“It is you who are putzes. Little pishas with your dreams of hatred and killing…”

-Ancient Jew (The Believer)

My co-host on the Midnight Film Review podcast, Colin Smith, introduced me to Jeremy Saulnier’s first film Murder Party a few years ago. Then, two years ago, Saulnier’s second film Blue Ruin landed on my top ten list. Jeremy Saulnier is an auteur in every sense of the word. His latest film Green Room is somewhat of a combination of the ideas produced by his first two films and is a resounding success.

Pat (Anton Yelchin), Sam (Alia Shawkat), Reece (Joe Cole), and Tiger (Callum Turner) are members of a punk band “The Ain’t Rights” traveling through the Pacific Northwest. In Seaside, they meet Tad, a local radio host who sets them up with a gig outside Portland. The gig is a much needed opportunity for the band to make money, but it’s for a large group of skinheads. Things do not go as planned, and the band members are forced to fight for their lives. Saulnier has a way of making his films feel lived in. While most filmmakers struggle to make movies feel realistic or at the very least plausible, Saulnier has this ability in spades. Green Room is not only realistic, it feels almost voyeuristic.

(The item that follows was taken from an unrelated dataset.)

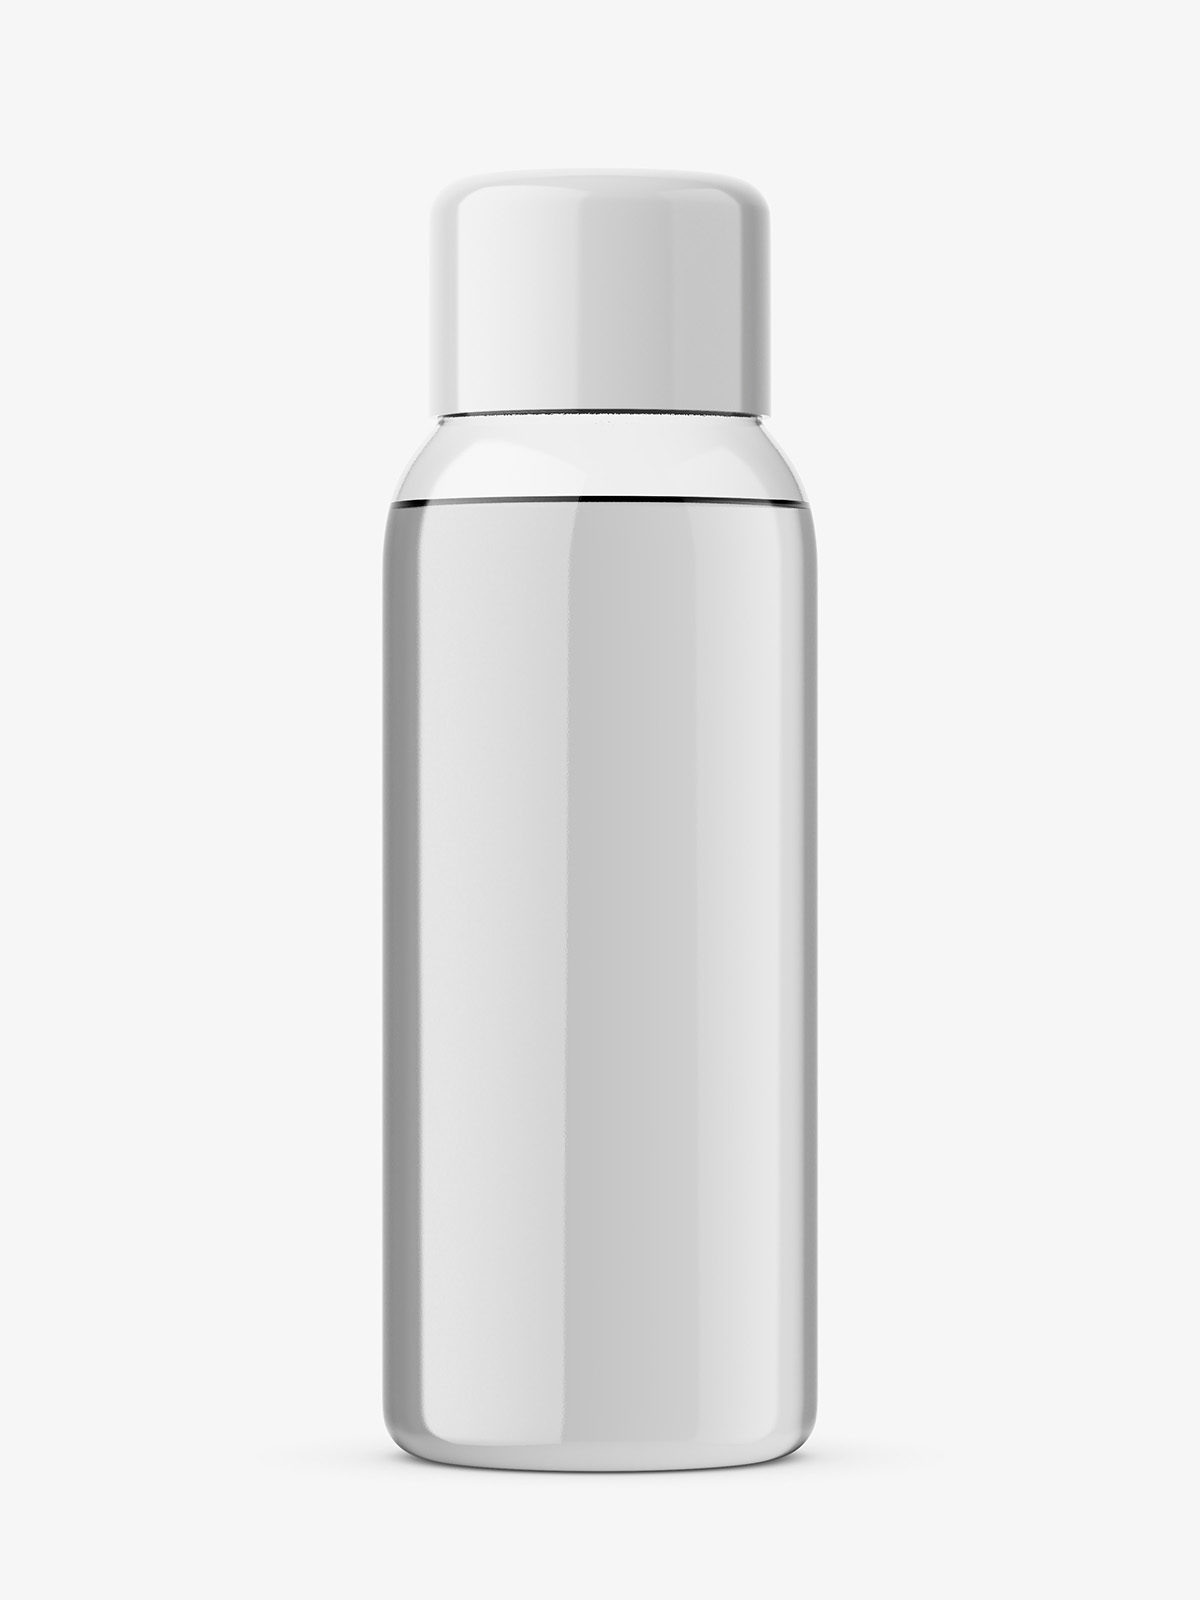 Download 30 Ml Bottle Mockup Transparent Smarty Mockups

The tension in Green Room is on a completely different level than anything I’ve experienced in years. The feel of this film is extremely visceral and will leave you gripping the armrest. Saulnier is a crafty director who uses violence sparingly, but effectively. The violence on-screen can be at times brutal and unsettling. The violence that takes place off-screen seems even more off-putting. The sounds of thumping fists and skin-piercing knives is horrific. Jeremy Saulnier’s camera work inside versus outside is unique and succinct.

The acting is equally great. Imogen Poots plays Amber, a concert attendee who gets sucked into this wild ride. Poots isn’t necessarily the lead, but she is the star. Her performance is nuanced and even. I’ve never thought of her as an actor with a lot of range, but she does a terrific job. Macon Blair isn’t a household name (yet), but he is special. He played the lead in Blue Ruin and blew me away. Saulnier has stated that he wants to be known as the director who found Macon Blair. The two are a match made in cinema heaven. Blair reminds me of a young Philip Seymour Hoffman. The ease with which he delivers Saulnier’s dialogue is a thing of beauty. Apart from Blair and Poots, the cast does an admirable job. Anton Yelchin is essentially the lead and has the majority of the dialogue, but he doesn’t give a transcendent performance. The biggest name attached to this project is Patrick Stewart. Stewart stars as Darcy, the owner of the venue that The Ain’t Rights is playing when all hell breaks loose. Darcy is also the leader of the group of neo-nazis that oppose the band. Stewart’s performance is surprisingly subdued. This is something that makes the atmosphere so natural. He never waivers and always has a plan. He is smart and acts with purpose.

Green Room isn’t perfect, but it’s pretty close. The only problem I have with the film is that it doesn’t seem to say anything larger. Blue Ruin had strong themes about family and loss, but Green Room doesn’t seem to have any strong themes. The value of the film rests solely in the experience, which is unforgettable. Jeremy Saulnier is a clever writer and director. His dialogue is specific to him and unbelievably natural. Much like Tarantino, if you hear a line of Saulnier’s dialogue, you know its his. Saulnier has found a muse in Macon Blair, and I hope to see the two make many more films together. Imogen Poots is now fully on my radar, and I’m excited to see what choices she makes going forward. She has the potential to be a superstar as well as an award winner. Green Room is at its heart a horror film, and a very good one at that. When it’s all said and done, Nazi Punks are still the worst.